Our mission is to provide a continuous circle of support to loved ones impacted by the criminal justice system. SOSOLO does this through our bimonthly support group program called The Journey, offering one-on-one informal counselling, and through our newest initiative – the sentencing support program, in which people attending the sentencing of a loved one can request to have a peer-support meet with them to provide information regarding what to expect, while offering accompaniment to the sentencing hearing.
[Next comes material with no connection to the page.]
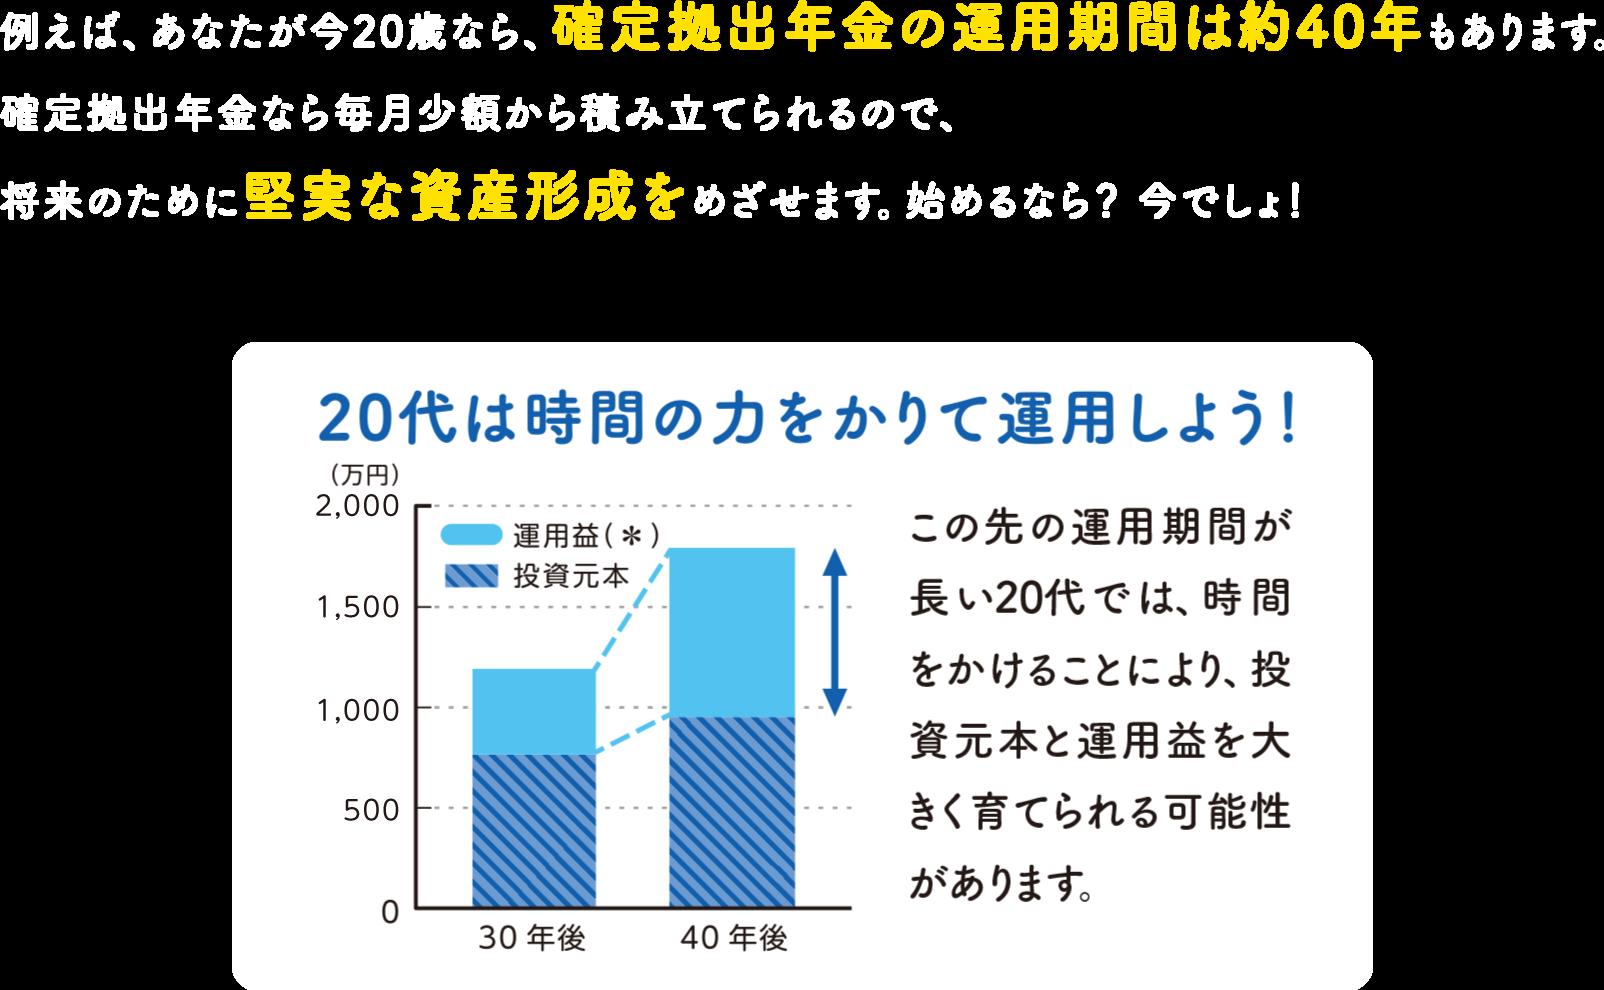 Mufg 確定 拠出 年金 確定拠出年金(DC):三菱UFJ信託銀行
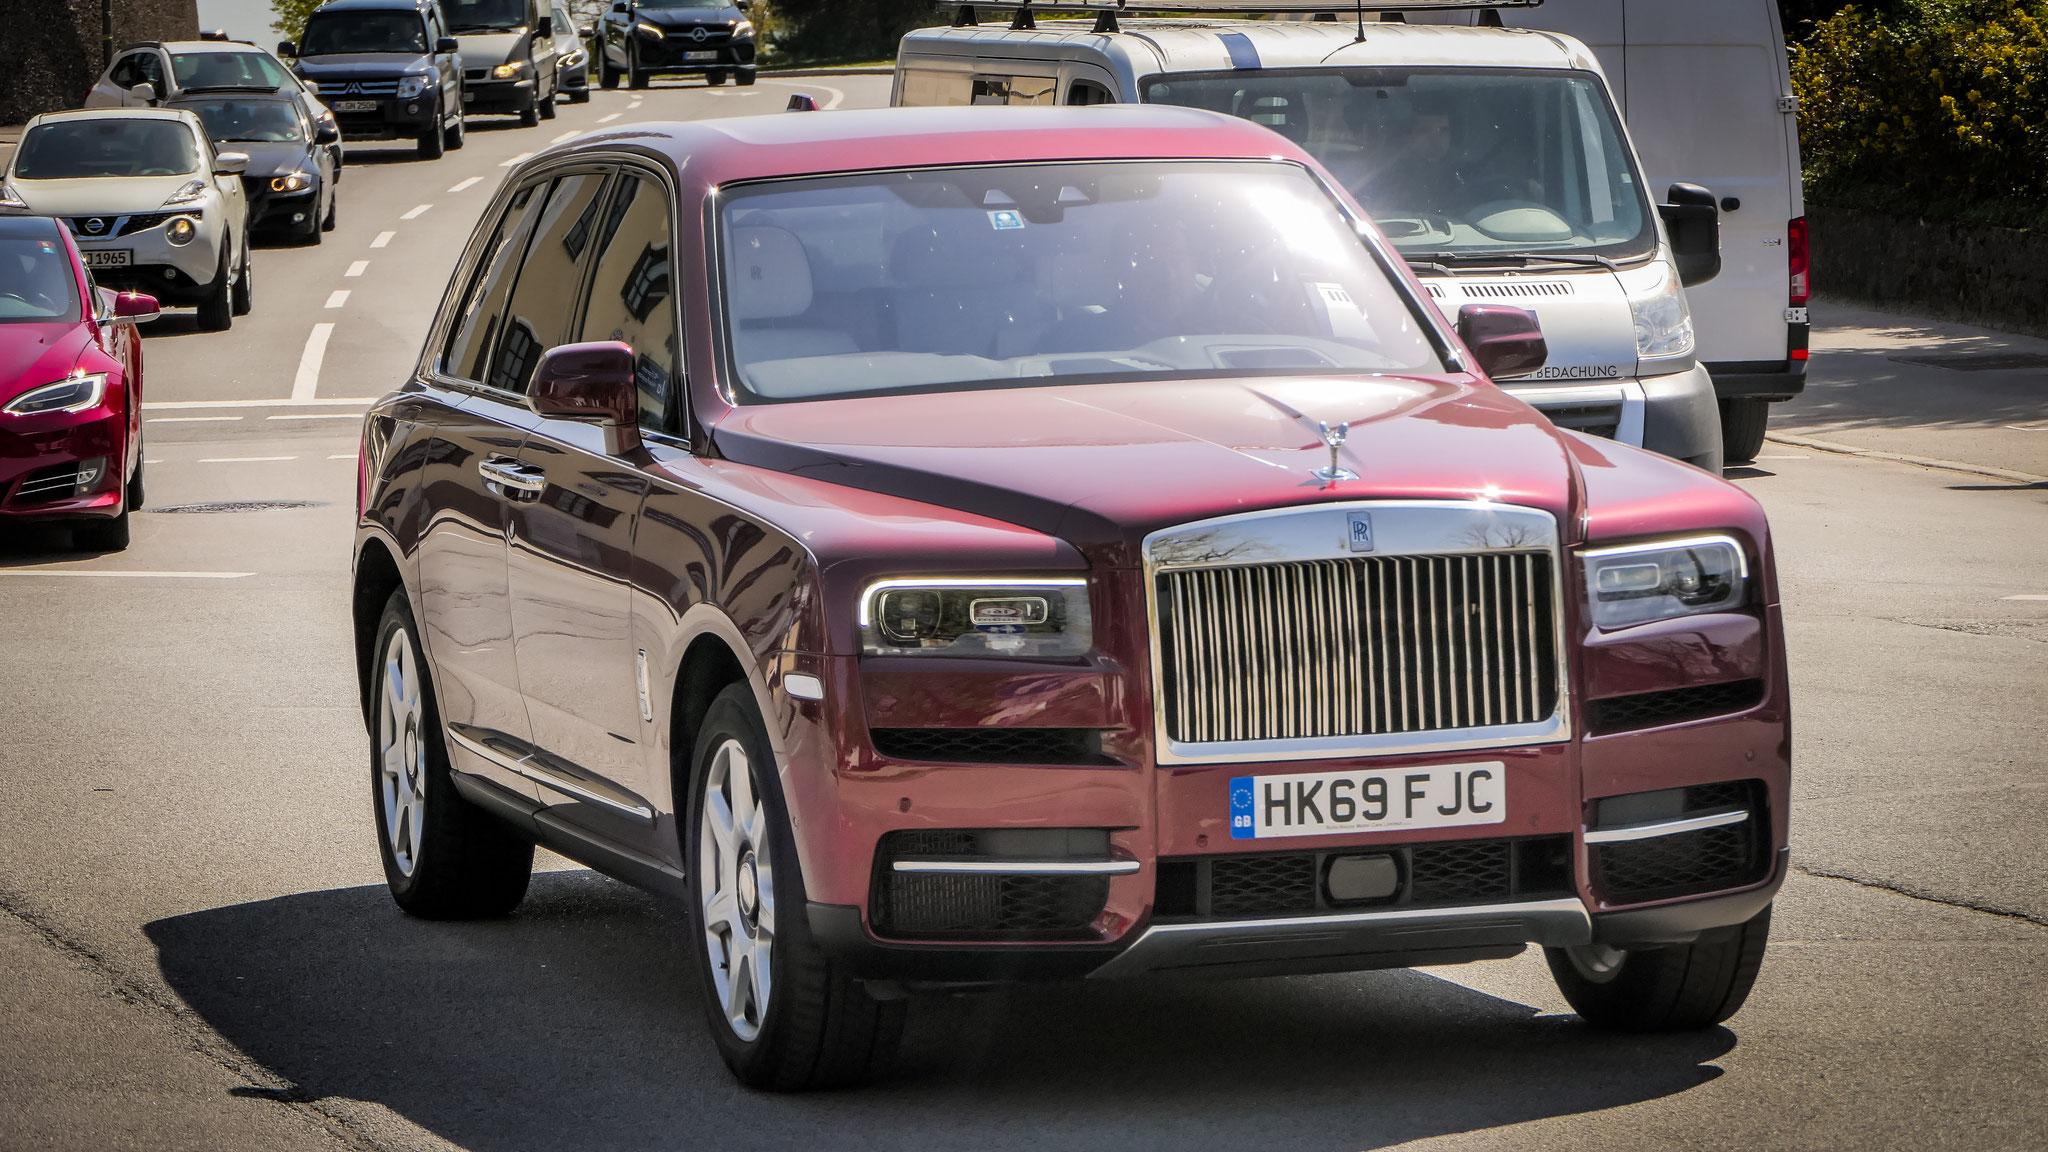 Rolls Royce Cullinan - HK69-FJC (GB)

These above mentioned programs work to address the issue of reducing isolation so often encountered by loved ones, who face continual social stigma and criminalization by default of supporting someone in conflict with the law. Having a circle of people to whom one can speak freely and without fear of judgement, may not change the immediate situation, however, it can significantly minimize the psycho-emotional-spiritual traumas often experienced.
Contact
Website: www.sosolo.org
Email: sosolo411@gmail.com
Stop The Arrests!!! Sault Ste Marie
In late August, 2012 in Sault Ste Marie, ON, nine local women were charged under the outstanding and highly contested area of prostitution policy contained within the Criminal Code. Not only were these nine women arrested, the women’s full names and home addresses were also published by all local media sources. Reportedly fuelled by community complaints about ‘aggressive solicitation’, further arrests and media attention continued, culminating in a full‐out police and media witch‐hunt. Two former Sault Ste Marie residents, with lived sex work experience in their home community, were concerned about the safety of these community members, the street sex working community at large, and the major violations of sex workers' rights and privacy. STA!!!SSM was born.
Goals
STOP THE ARRESTS!!!SSM’s goals are to address systemic barriers that stigmatize/ criminalize and place sex workers at greater risk.
Demands
STA!!!SSM have set out 5 demands which include:
1. A moratorium on all sex worker related arrests until Bedford vs Canada is heard at the Supreme Court Of Canada
2. That media stop publishing the names and personal information of sex workers and sex worker related offences
3. That the SSM police department stop leaking the names of those arrested under these contested laws
4. A call for community based consultation on social impacts including sex workers at all levels
5. A red umbrella campaign to raise awareness of issues related to sex workers
Contact
Email: stopthearrestssm@gmail.com
Community Action for Families
We are a brilliant, unapologetic, grassroots movement for community transformation. We are a community of people who are mothers, people who use drugs, survivors/fighters, sex workers, and allies. We recognize that harm exists in our communities & families, and we are connected through harmful experiences from systems of oppression, especially as they relate to the “child protection” industrial complex. We are working to build nurturing and thriving communities and stronger supportive networks for our families and children to live, learn, and grow.
Vision
We envision communities that foster networks that heal and strengthen families through peer support, community accountability and transformative justice.
Mission
We aim to develop a voice and that is collective and strong, which challenges the belief that separating & controlling families fosters healthy communities. By reducing isolation and stigma for people involved in the child welfare system and their allies, we reclaim our right to mother and parent in ways that are right for our families. We believe that food, shelter, freedom and access to power are what really create strong families.